Мы видели издалека, как черный генеральский "мерседес" или "хорьх", на каких ездило тогда все большое начальство, ткнулся было в толпу, сигналя и врубив фары. Ткнулся раз, другой, толпа не расступалась. Машина как-то, шажками, двигалась, широкий бампер и радиатор надавливали на людей, но они, вместо того чтобы раступиться и дать проход, орали, стучали кулаками по кузову, плевались. Машина продолжала надавливать. А торговля не прерывалась; кто-то что-то примерял, щупал, торговался. Разглядели сквозь стекла важных мужчин, даму в шубе и шляпке - стали колотить и орать еще пуще. Мы не знали, а там ехал еще гость, начальник Шуры по ее ведомству, полковник Воротынцев, статный, как мы потом увидели, красавец, молодцеватый и лихой, родом казак, нравом и повадкой тоже.
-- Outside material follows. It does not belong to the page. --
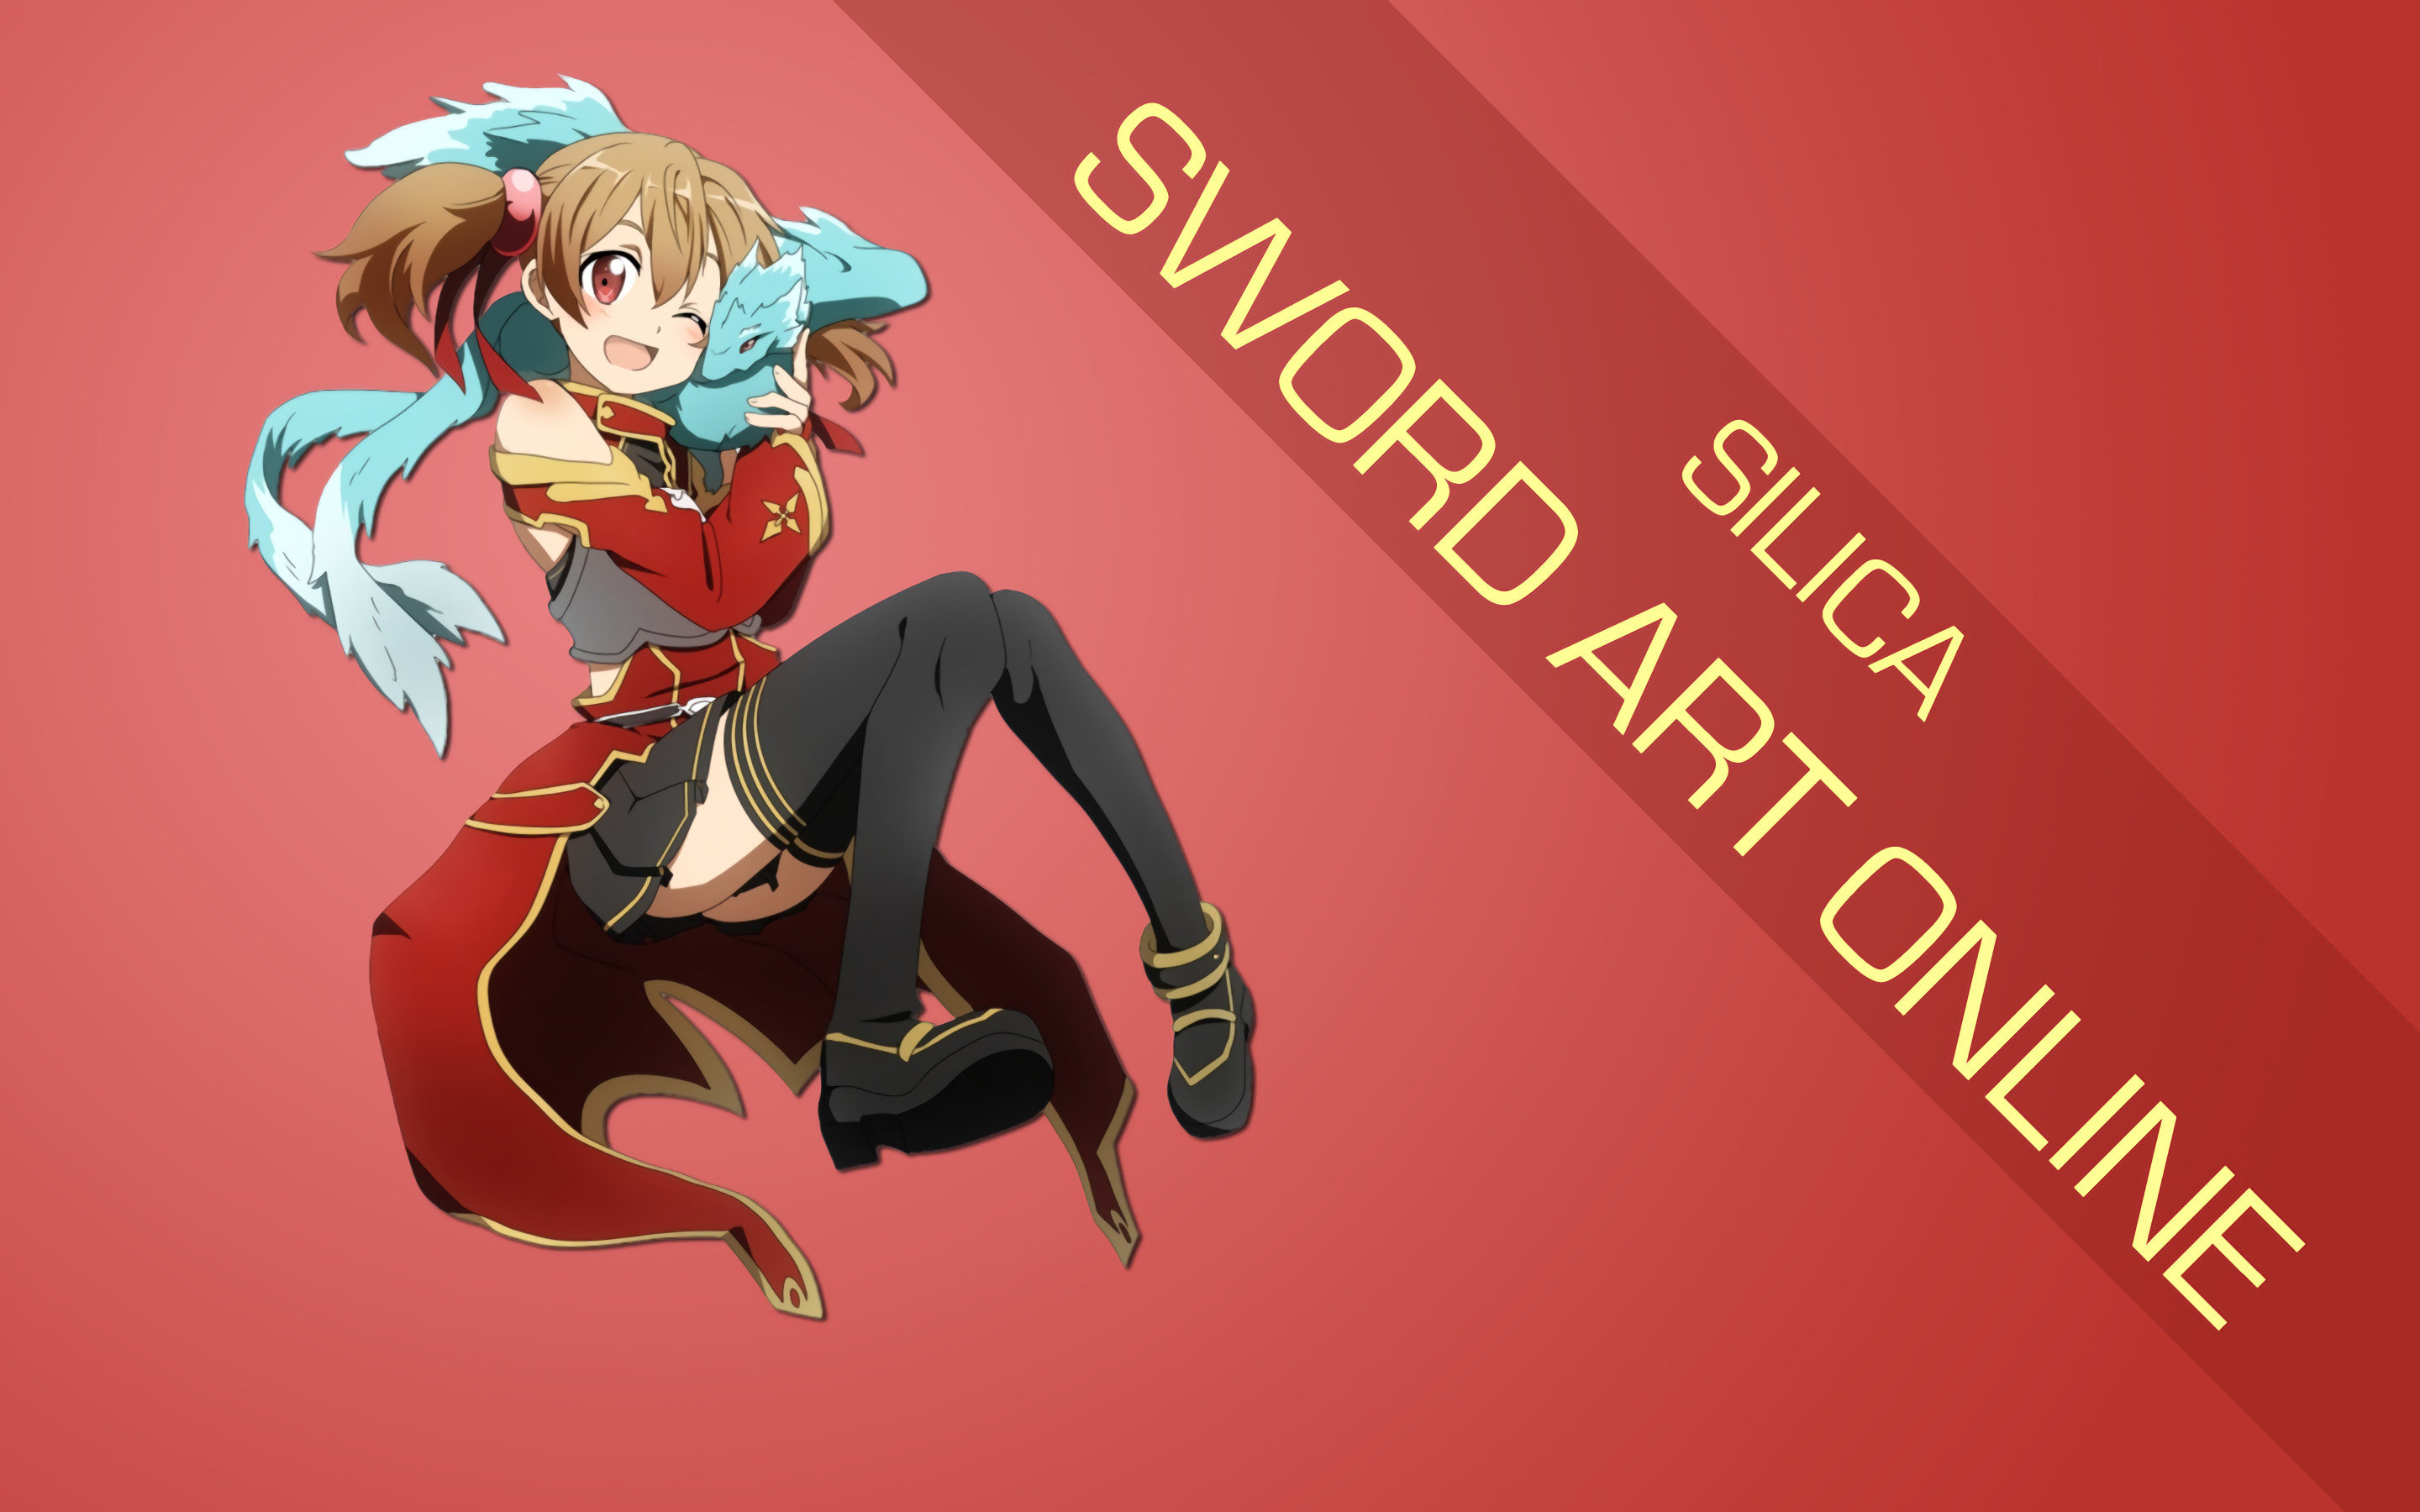 Best Sword Art Online (SAO) wallpaper ID:181183 for High Resolution hd 2880x1800 computer

Мы с балкона не могли рассмотреть подробности, но единоборство машины и рынка было наглядно: машина ползла, а торговля не остывала - вещи переходили из рук в руки, падали, деньги сыпались на землю. В конце концов пассажиры тоже рассердились: военный шофер, открыв дверцу, орал на публику, полковник тоже, и Шура не молчала. Отец с мамой хотели бежать вниз на выручку, но что бы они сделали?.. Гости вошли к нам красные, сердитые, роняя из рук подарки. "Как вы только тут живете!" - сказал дядя Саша. Шура бросила на полковника значащий взгляд, он ответил: " Да, почти посреди Москвы такой сброд. Запишем". Дядя Саша закончил: "Разогнать не мешает эту толкучку".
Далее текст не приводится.